**Exercise brief**
Repeat precisely the span of lines below that opens with the line containing "Linezolid-Molekül. Es ist" and closes with the line containing "Binnenkijken in dit", both included.

**Information provided**
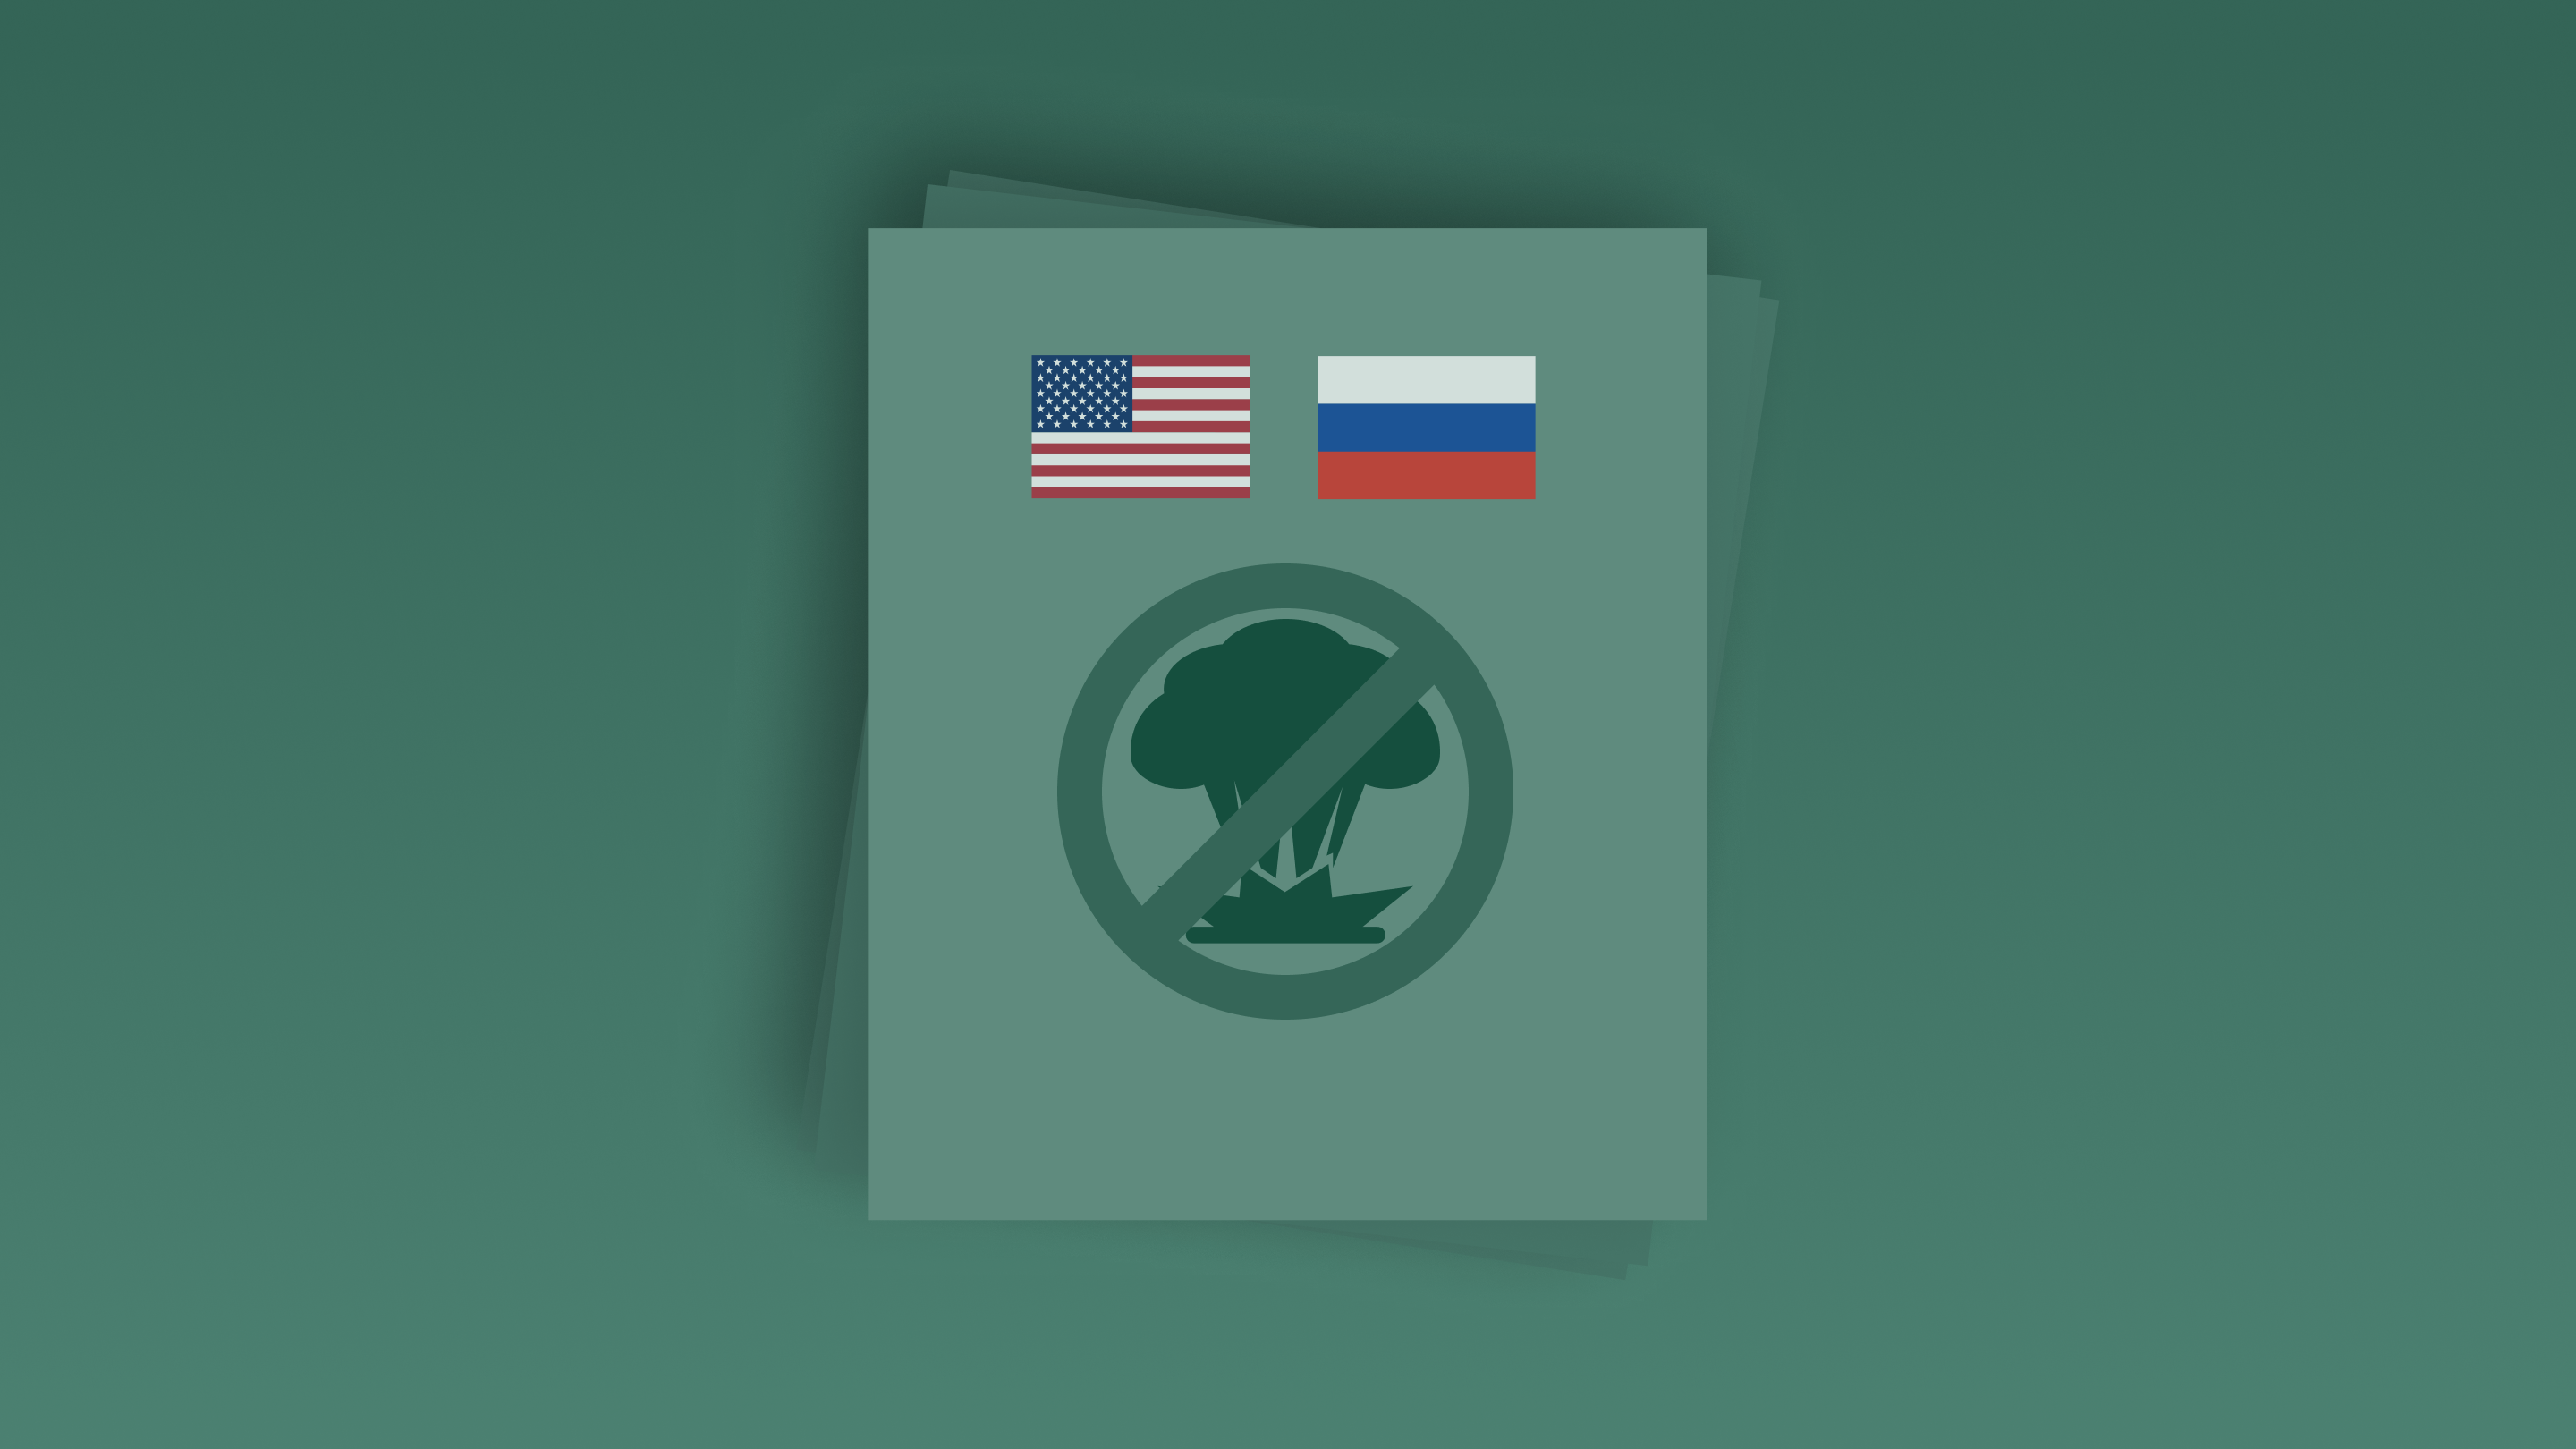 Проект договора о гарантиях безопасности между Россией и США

---

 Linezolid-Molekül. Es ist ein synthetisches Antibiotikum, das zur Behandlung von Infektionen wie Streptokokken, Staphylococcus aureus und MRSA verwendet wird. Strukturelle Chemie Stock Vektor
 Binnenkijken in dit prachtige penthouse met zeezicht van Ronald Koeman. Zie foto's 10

==

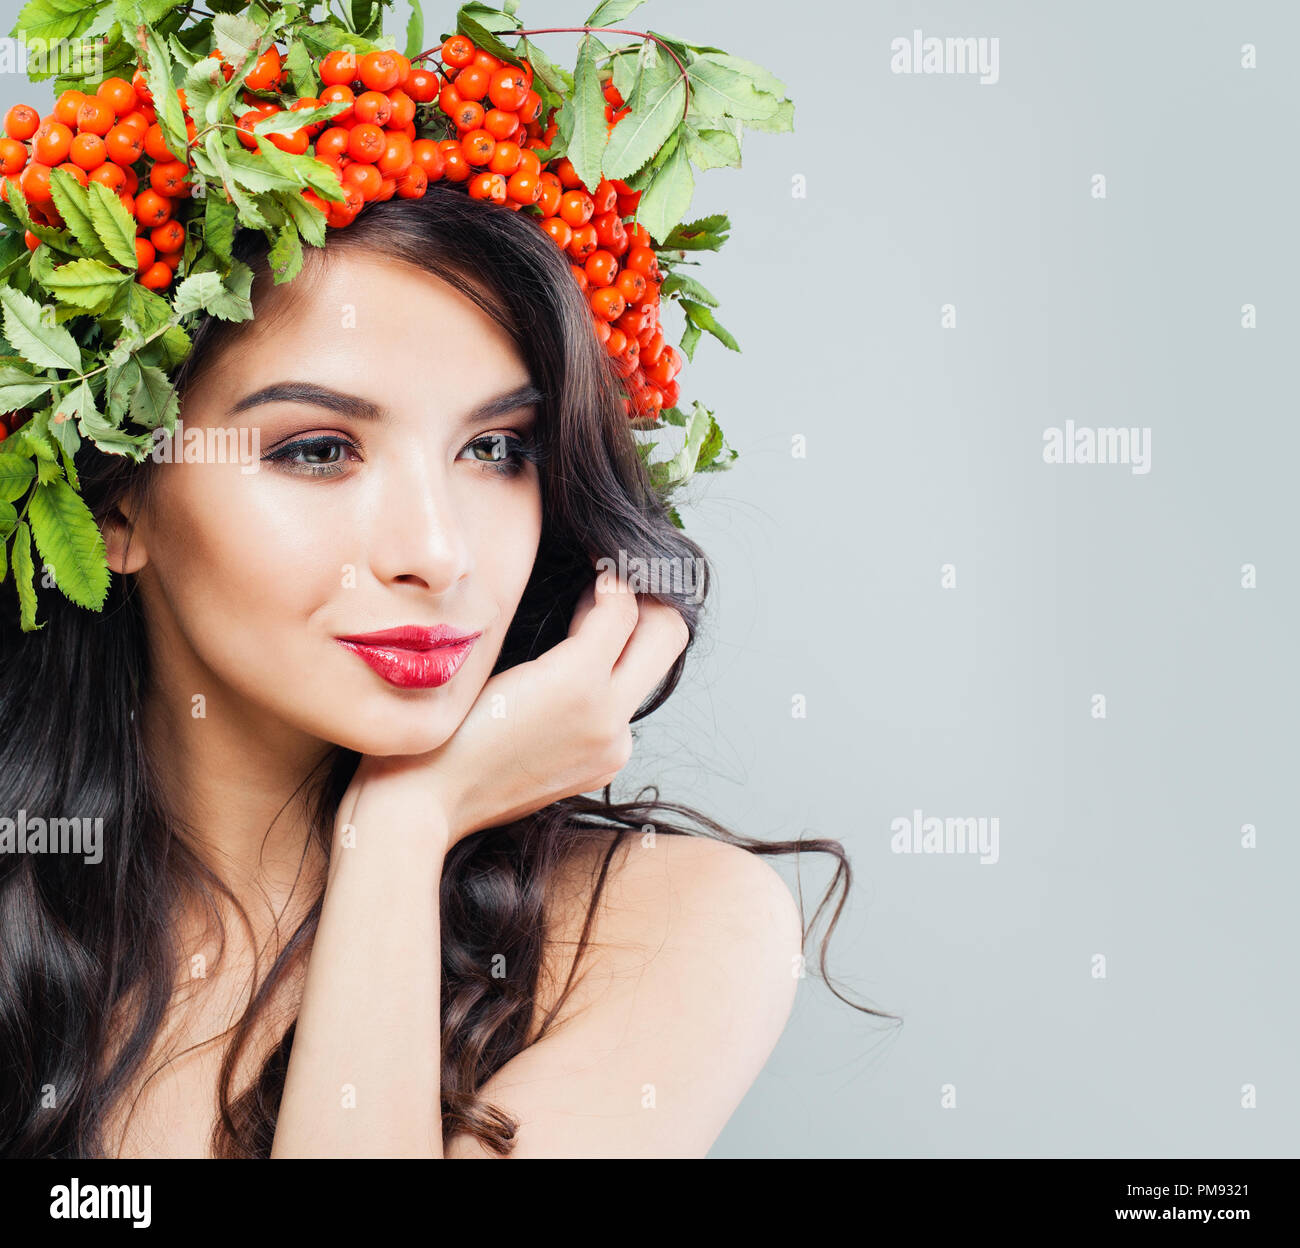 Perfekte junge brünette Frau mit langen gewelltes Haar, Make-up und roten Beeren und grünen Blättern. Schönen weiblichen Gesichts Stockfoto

**Result for this task**
 Linezolid-Molekül. Es ist ein synthetisches Antibiotikum, das zur Behandlung von Infektionen wie Streptokokken, Staphylococcus aureus und MRSA verwendet wird. Strukturelle Chemie Stock Vektor
 Binnenkijken in dit prachtige penthouse met zeezicht van Ronald Koeman. Zie foto's 10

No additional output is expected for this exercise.